== EXERCISE INSTRUCTIONS ==
The reply must repeat the listing below exactly and carry none of its pictures.

== DATA BLOCK ==
◆ ◆ ◆ ◆ ◆
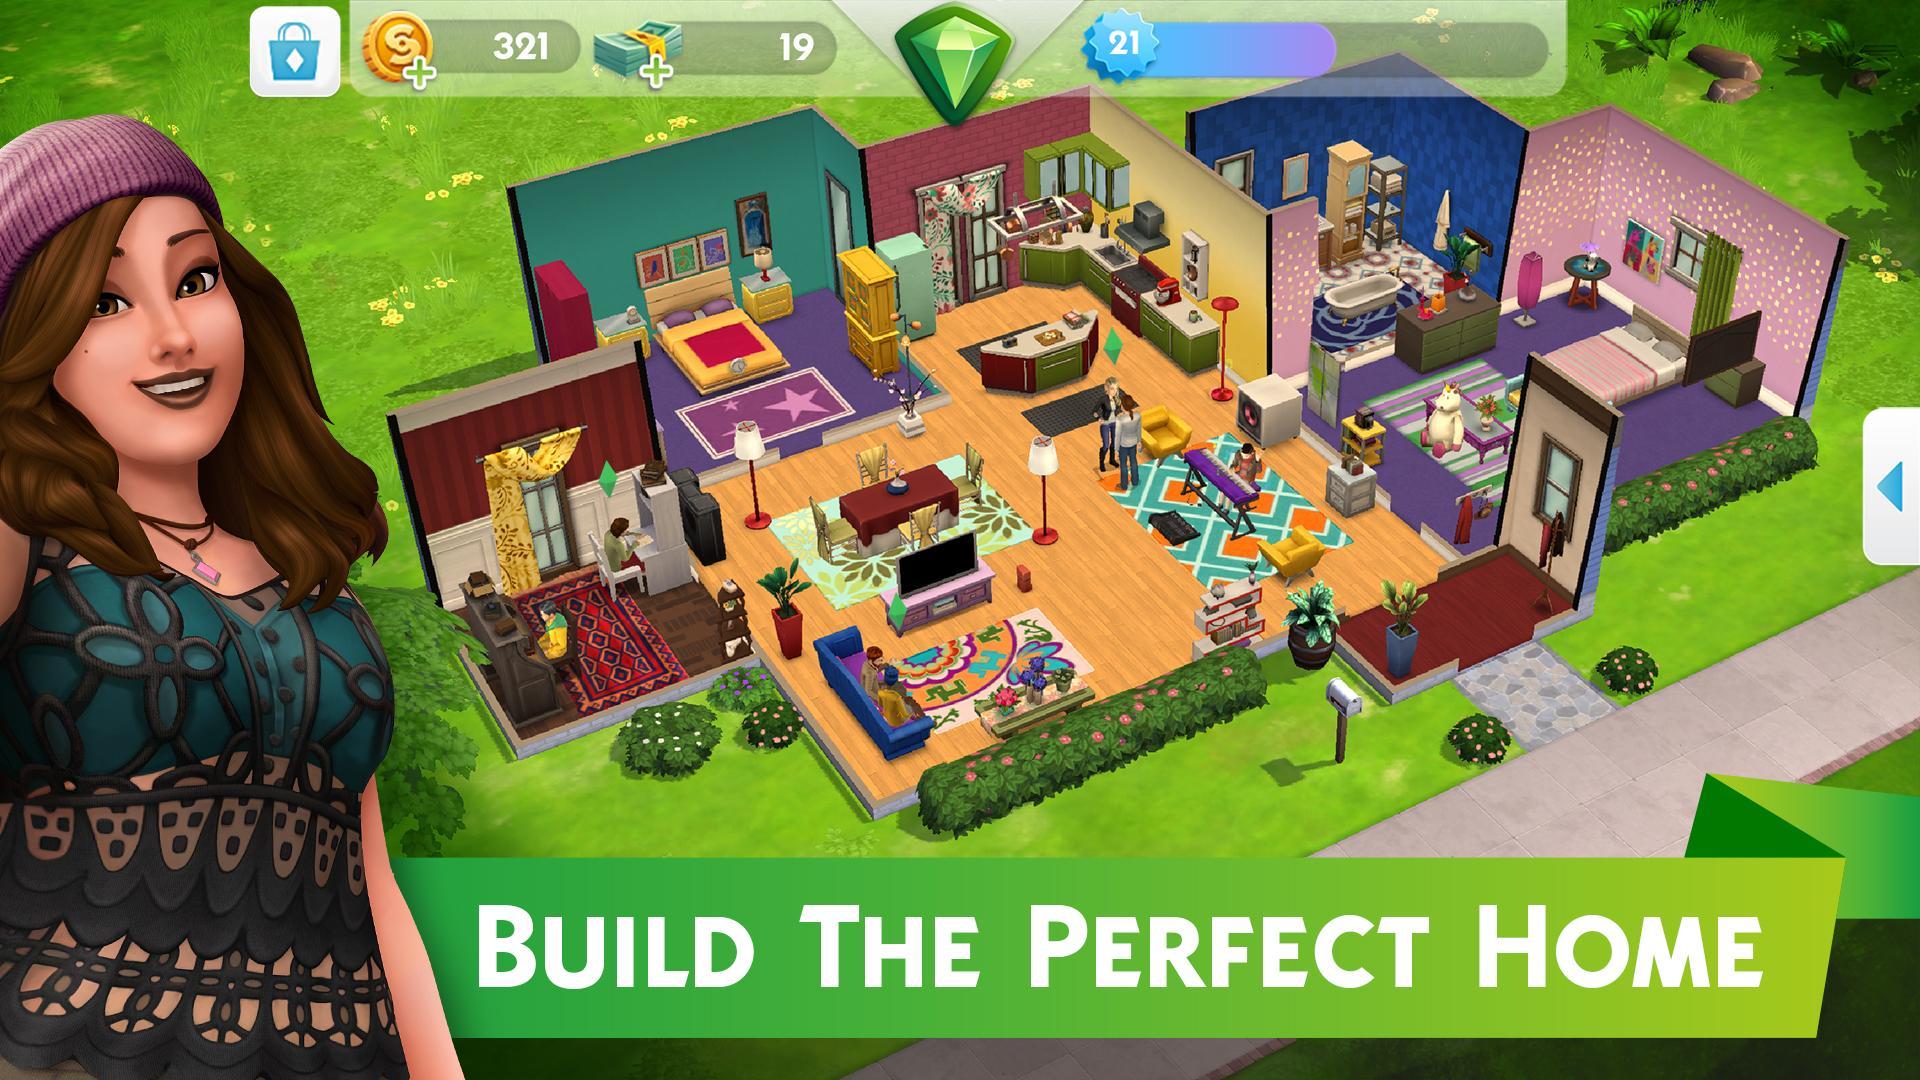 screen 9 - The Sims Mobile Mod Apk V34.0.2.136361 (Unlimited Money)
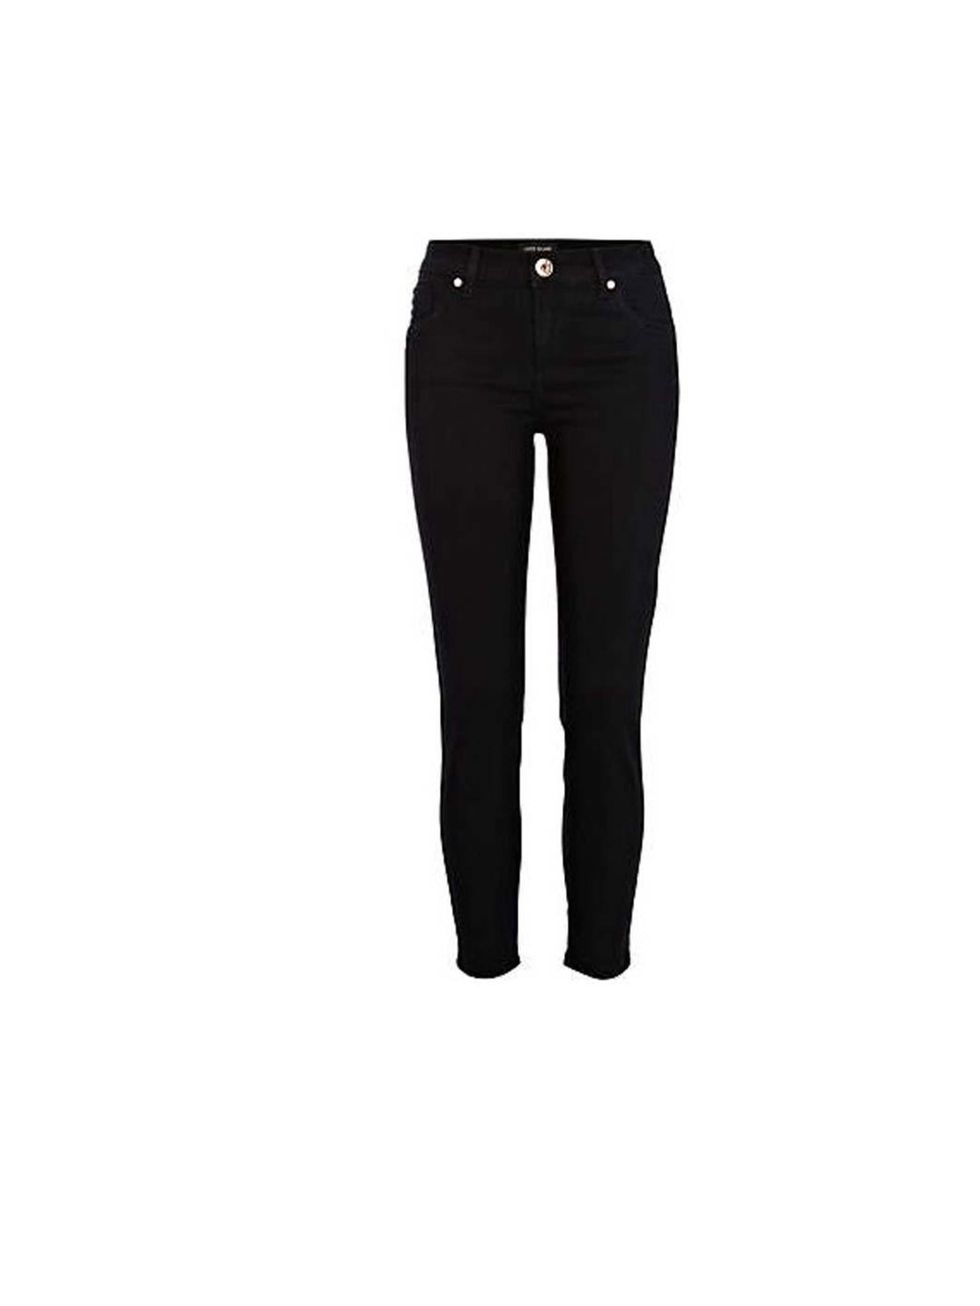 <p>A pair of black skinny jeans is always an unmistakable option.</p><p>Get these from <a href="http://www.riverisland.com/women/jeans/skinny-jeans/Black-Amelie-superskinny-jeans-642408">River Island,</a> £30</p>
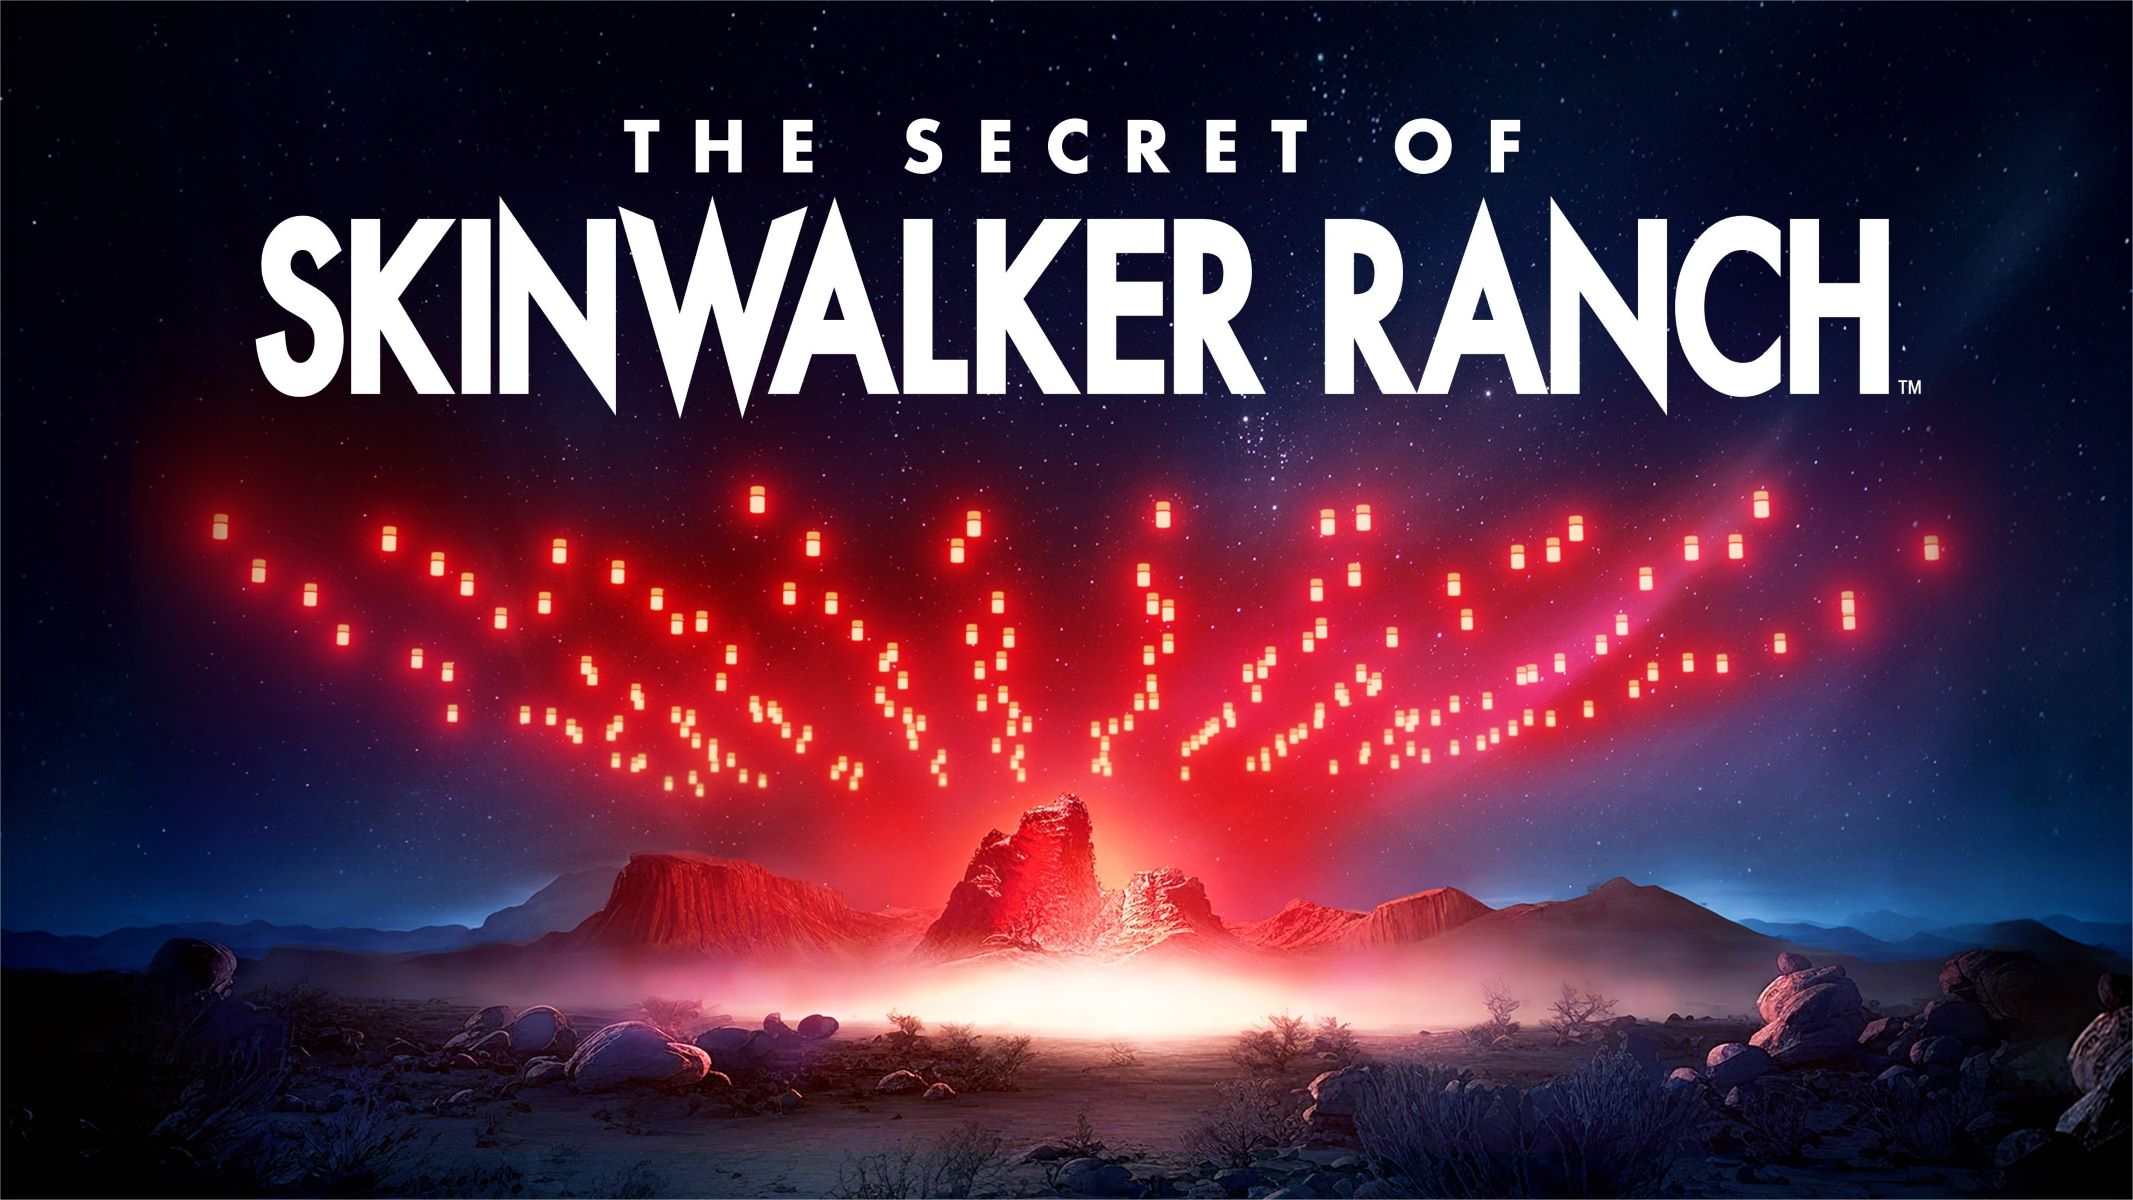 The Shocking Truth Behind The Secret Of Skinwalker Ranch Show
◆ ◆ ◆ ◆ ◆
== PROBLEM SOLUTION ==
 screen 9 - The Sims Mobile Mod Apk V34.0.2.136361 (Unlimited Money)
 <p>A pair of black skinny jeans is always an unmistakable option.</p><p>Get these from <a href="http://www.riverisland.com/women/jeans/skinny-jeans/Black-Amelie-superskinny-jeans-642408">River Island,</a> £30</p>
 The Shocking Truth Behind The Secret Of Skinwalker Ranch Show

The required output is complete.